Community Lodgings was established in 1987 to provide transitional and low-income housing to residents in the Arlandria area. It owns five apartment buildings, which provide 34 low-income apartments and 12 transitional units to those who qualify and commit to one year of financial and life-skills counseling.
Officials said they recruit some of their clients from homeless shelters. Residents selected for transitional housing put 30 percent of their income toward rent. The rest is subsidized by Community Lodgings, which has an annual housing budget of $600,000 to $700,000 and spends about $25,000 a year on each transitional housing family.
Others have come to know Community Lodgings through the Fifer Family Learning Center on Notabene Street in Arlandria. It offers computer classes, English and math lessons and after-school programs for children referred by their teachers.
Open Monday through Saturday, the learning center is often packed. Adult students double up, two to a computer, for evening classes (there is always a waiting list) to enhance their chances at better jobs, and kids flop on pillows in the small reading room to thumb through the stack of children's books.
At first glance, the bookshelf in the entry hall filled with colorful board games looks like a child's paradise -- until you scrutinize the titles, such as "Sunken Suffixes," "Prefix Pitfall" and "Adjective Silly Circus."

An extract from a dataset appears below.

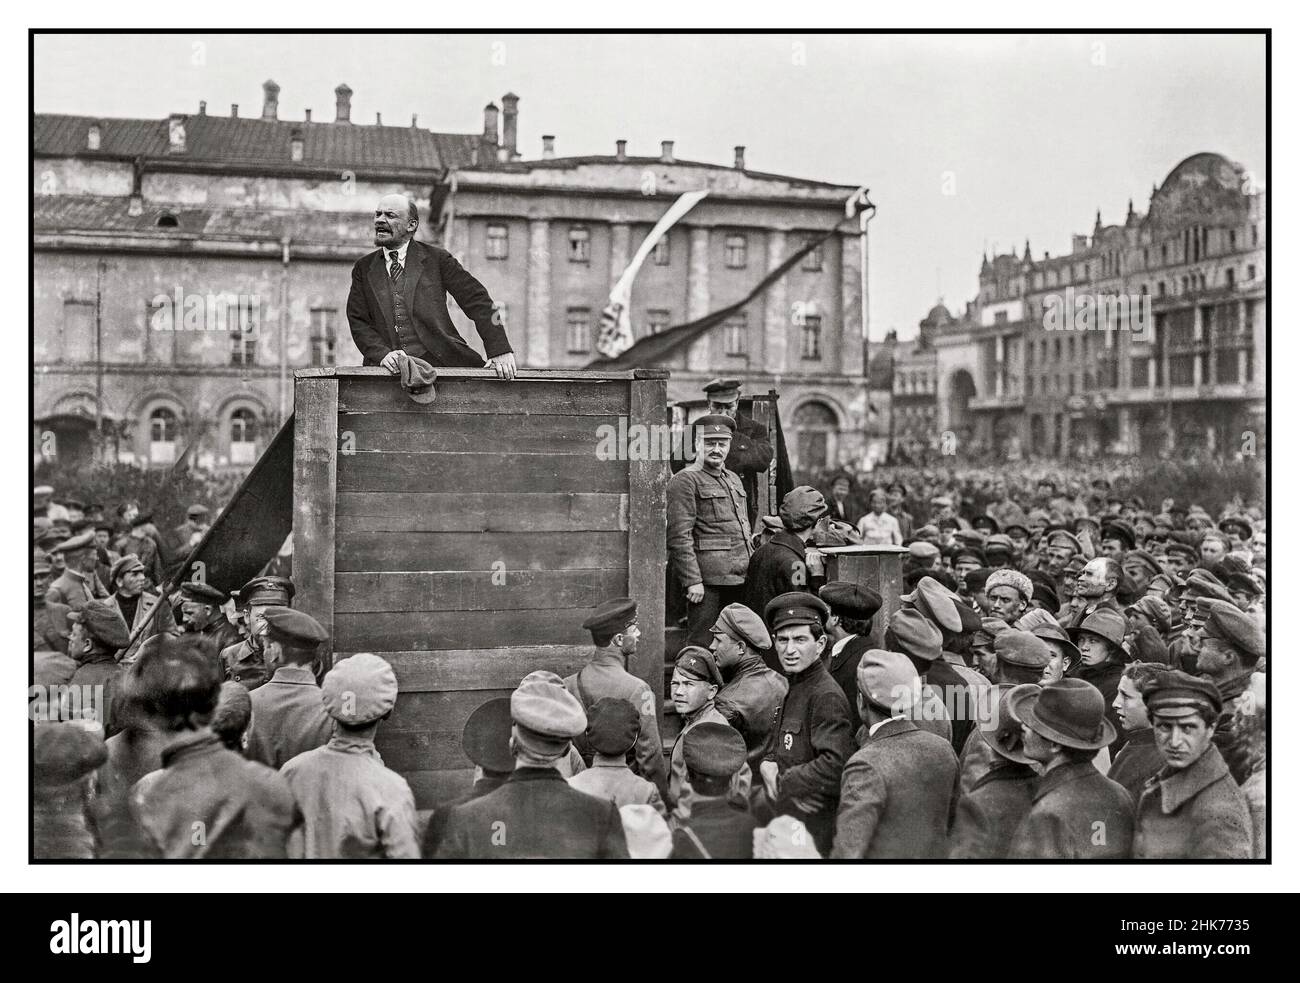 LENINREDE MOSKAU 1919/1920 Wladimir Lenin hält 1920 auf dem Moskauer Swerdlov-Platz eine leidenschaftliche Rede vor Mitgliedern der Roten Armee, die während des Polnisch-Sowjet-Krieges zur Front ausreisen.Vladmir Lenin spricht 1919 eine Menge Petrograder Arbeiter an. Auf der rechten Seite steht Trotzki. Stockfoto
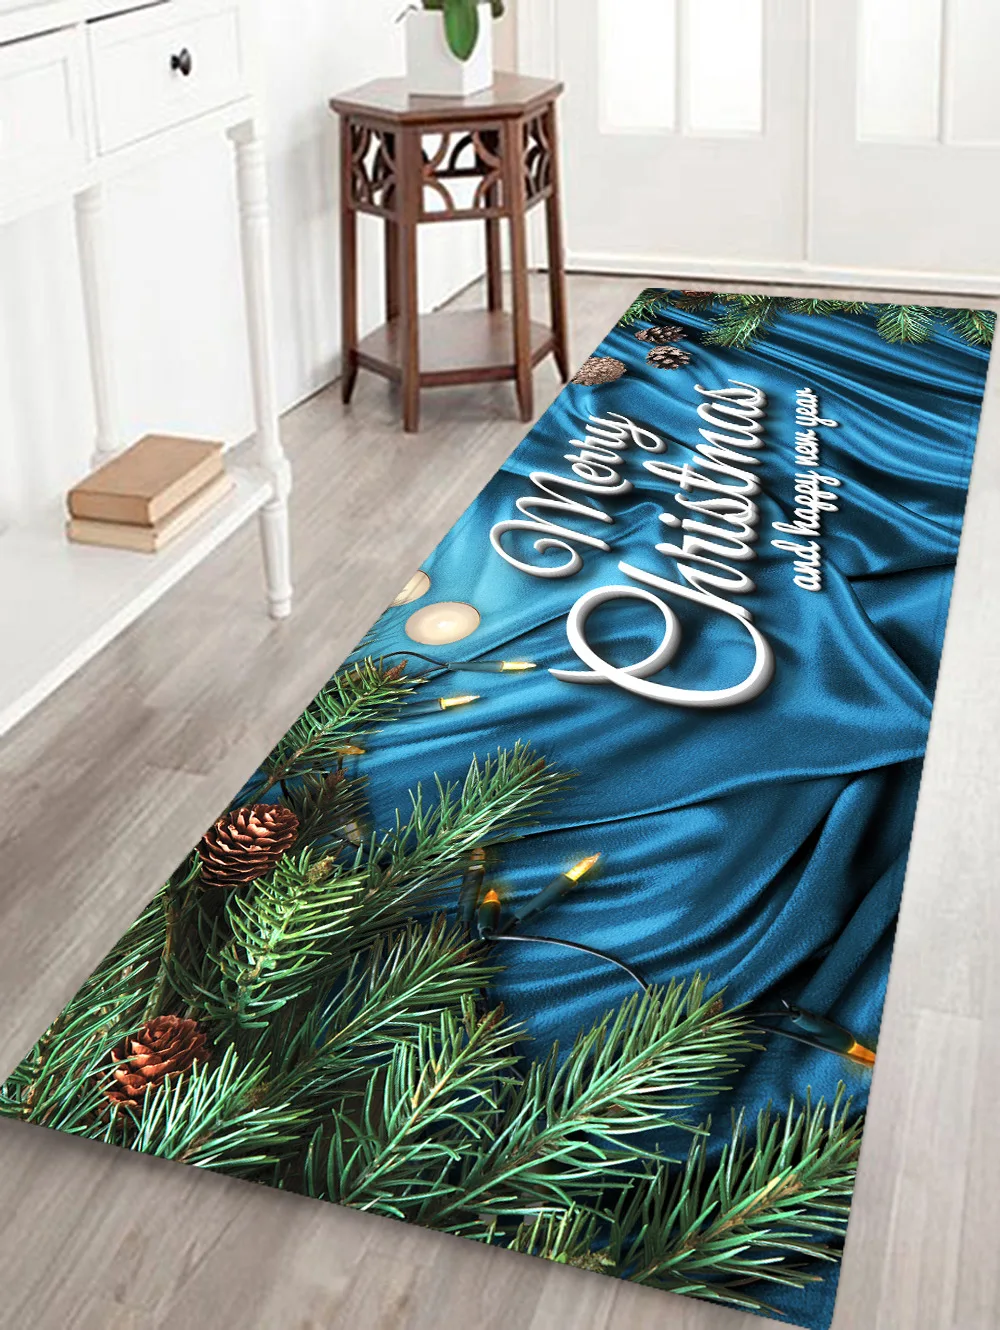 Коврик с рождественским дизайном коврики домашние ковры Санта-Клаус противоскользящие кухня столовая камин коврик Рождественское украшение для дома

A poster on the wall encourages kids to "use inside voice," "share" and remember to "have fun."
The nonprofit group struggles each year to find enough money to maintain its services. It is constantly soliciting volunteers and donations. Most of the group's funds come from state and federal grants, foundations, the city and its public school system.
"For so long, we were consumed with just surviving," said Bonnie Baxley, executive director of Community Lodgings. "We hadn't been doing the outreach the group needs to grow."
Other organizations and city programs offer similar outreach. The advantage Community Lodgings has, officials said, is location -- specifically its proximity to the people who need help.